— Так, Никита Сергеевич. В том-то и дело, что так. И когда делают аборт, то убивают еще не вполне человека, а лишь зародыш. Как вы правильно сказали, головастика, более похожего на лягушку. Или даже на рыбку. А у этого Шилова получается, что у нас в стране происходит массовое убийство нерожденных детей и тем самым ухудшается рождаемость.
— Это получается, что у нас, в социалистической стране, массовое... Да ведь это чистой воды антисоветчина!
— Прикажете арестовать?
Хрущев злится, откусывает большой кусок от закрученной в спираль жареной украинской колбасы, сердито жует.
— Арестовать... На хрена оно мне надо перед поездкой в Америку? Мы не при Сталине, товарищ Суточкин. Нам до сих пор эту грёбаную Венгрию в морду тычут. Встретьтесь с ним, вправьте мозги. Но в беседе, исключительно в беседе.

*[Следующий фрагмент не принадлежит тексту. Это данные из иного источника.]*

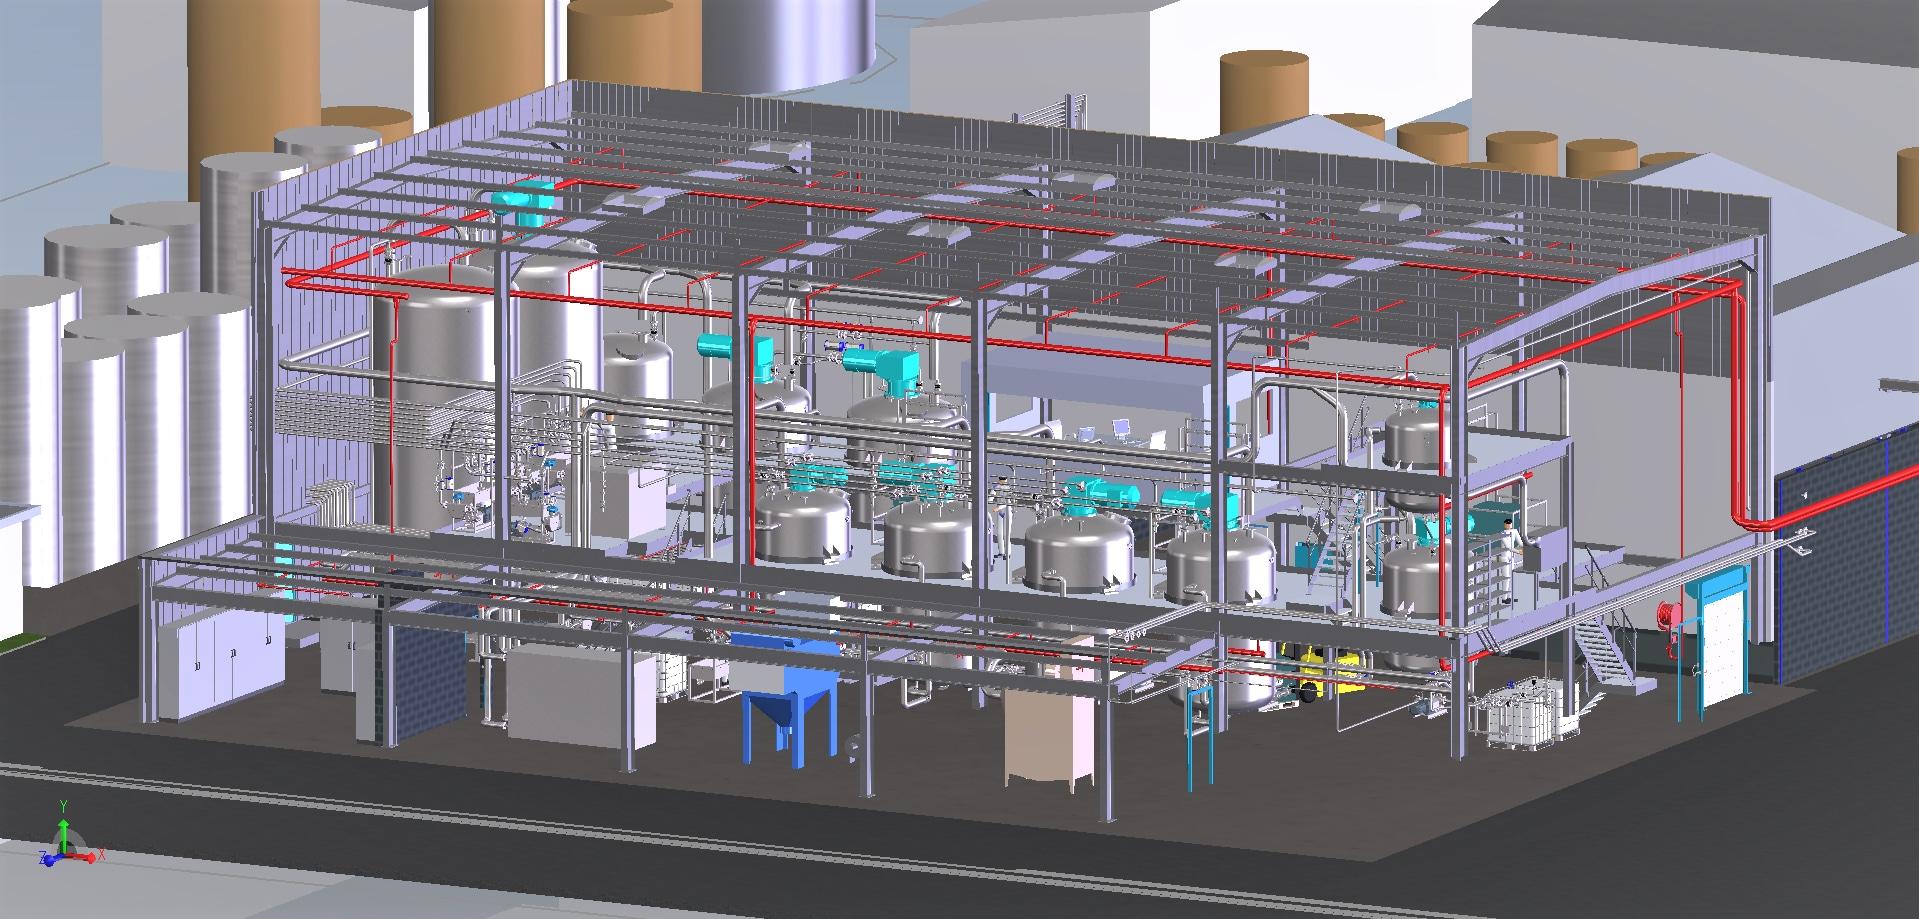 Construc. unité de production d'adjuvants béton<br>APS/APD /consultations

Шилов и Суточкин идут по Летнему саду в Ленинграде. Шилов старается не волноваться:
— До постановления пятьдесят пятого года число абортов немного превышало миллион в год, а после постановления резко выросло до четырех. Сейчас мы ежегодно теряем четыре миллиона потенциальных граждан Советского Союза. И это при том, что вовсю идет холодная война, которая через энное количество лет может перейти в горячую.

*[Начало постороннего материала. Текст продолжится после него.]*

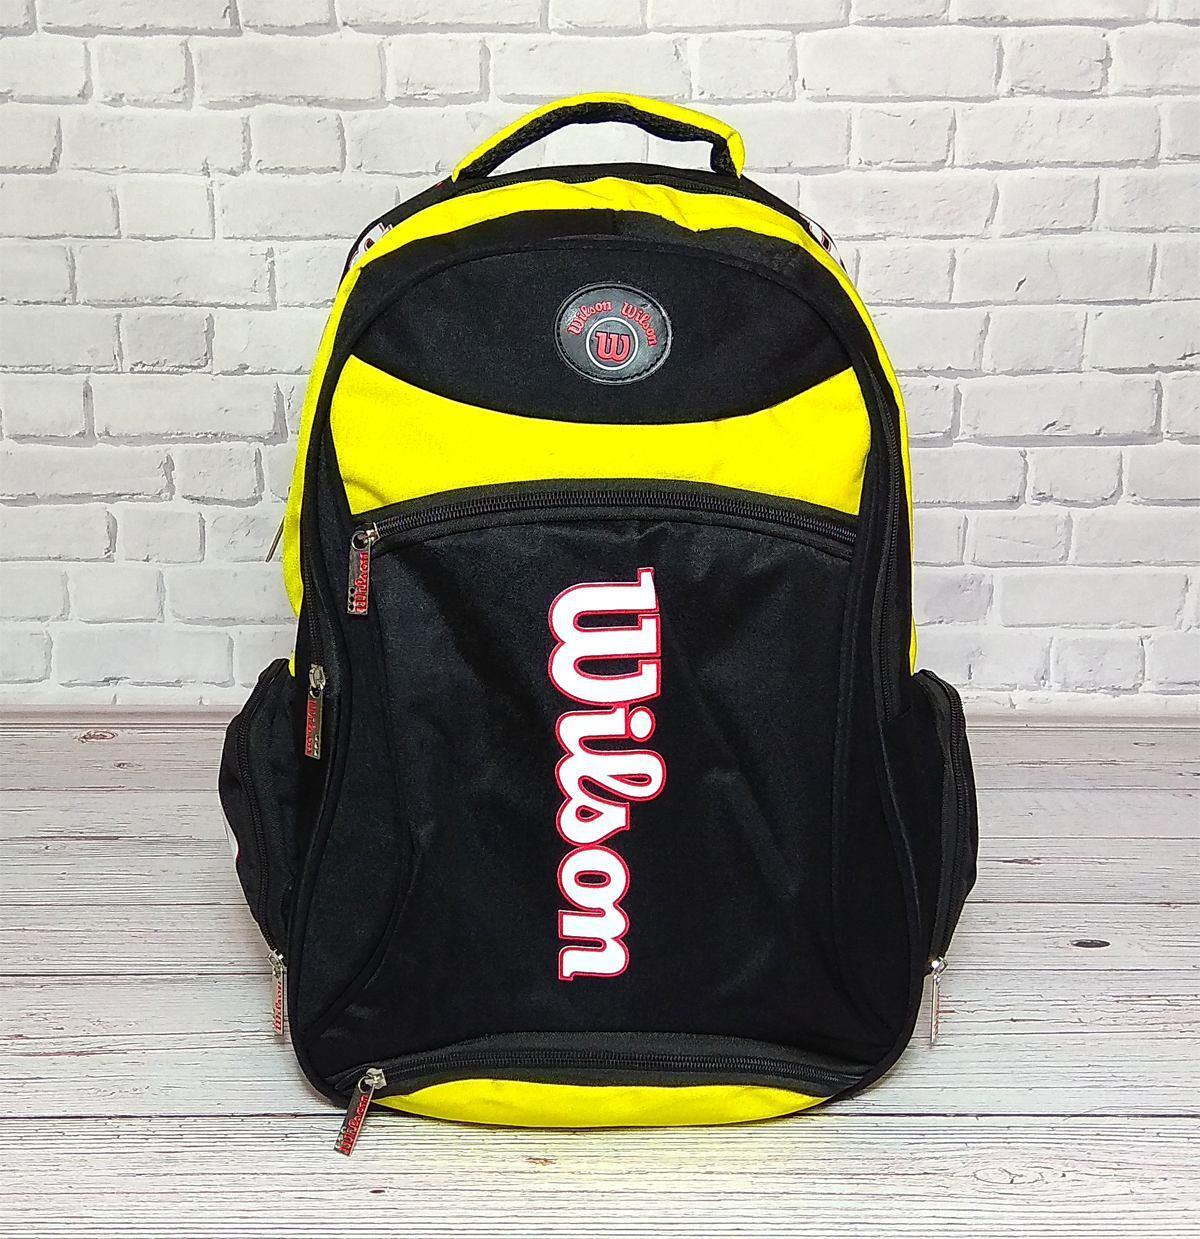 Місткий рюкзак Wilson для школи, спорту. Чорний з жовтим.

— Григорий Фомич, мы уважаем вашу точку зрения, — невозмутимо возражает Суточкин, — но легализация снизила риск для жизни при проведении нелегальных абортов, улучшила условия их проведения. Да и о каком убийстве может идти речь, если...
— Если что? — перебивает его Шилов, и глаза Жжёнова горят углями. — Не надо мне про рыбок и лягушек! Вы сами, уважаемый товарищ полковник Комитета государственной безопасности, когда-то были червячком, рыбкой и головастиком. Только что костюма на вас тогда не было. И представьте, что к вам, в теплую и уютную материнскую утробу, врываются и объявляют: «На выход с вещами!» Вы упираетесь, кричите, но вас насильно вытаскивают и, прикончив, выбрасывают в кювету.
— Почему в кювет?
— В кювету, это такой тазик. Куда вы, например, сплевываете у зубного врача. И вас нет. Вы не идете сейчас со мной по Летнему саду, не дышите прекрасным июньским воздухом, вас бросили в кювету и говорят: «Ты всего лишь эмбрион и не являешься объектом правового поля, а стало быть, убийство тебя де-юре убийством не является». Как вы на это посмотрите?
Суточкин озадачен, молчит. Наконец находит ответ:
— Простите, но моя мать никогда бы не сделала аборт.
— О-хо-хо! Значит, вы — ценность, а остальные зародыши — брак! Нет, малюсенький мой, каждый человек имеет право на жизнь.
— Человек! Но эмбрион не является еще человеком.
— Кто вам это сказал? Сейчас большинство ученых сходятся во мнении, что человек становится человеком уже с появлением зиготы. Зигота это знаете что такое?
— Напомните.
— Это первая клетка, образованная слиянием сперматозоида и яйцеклетки.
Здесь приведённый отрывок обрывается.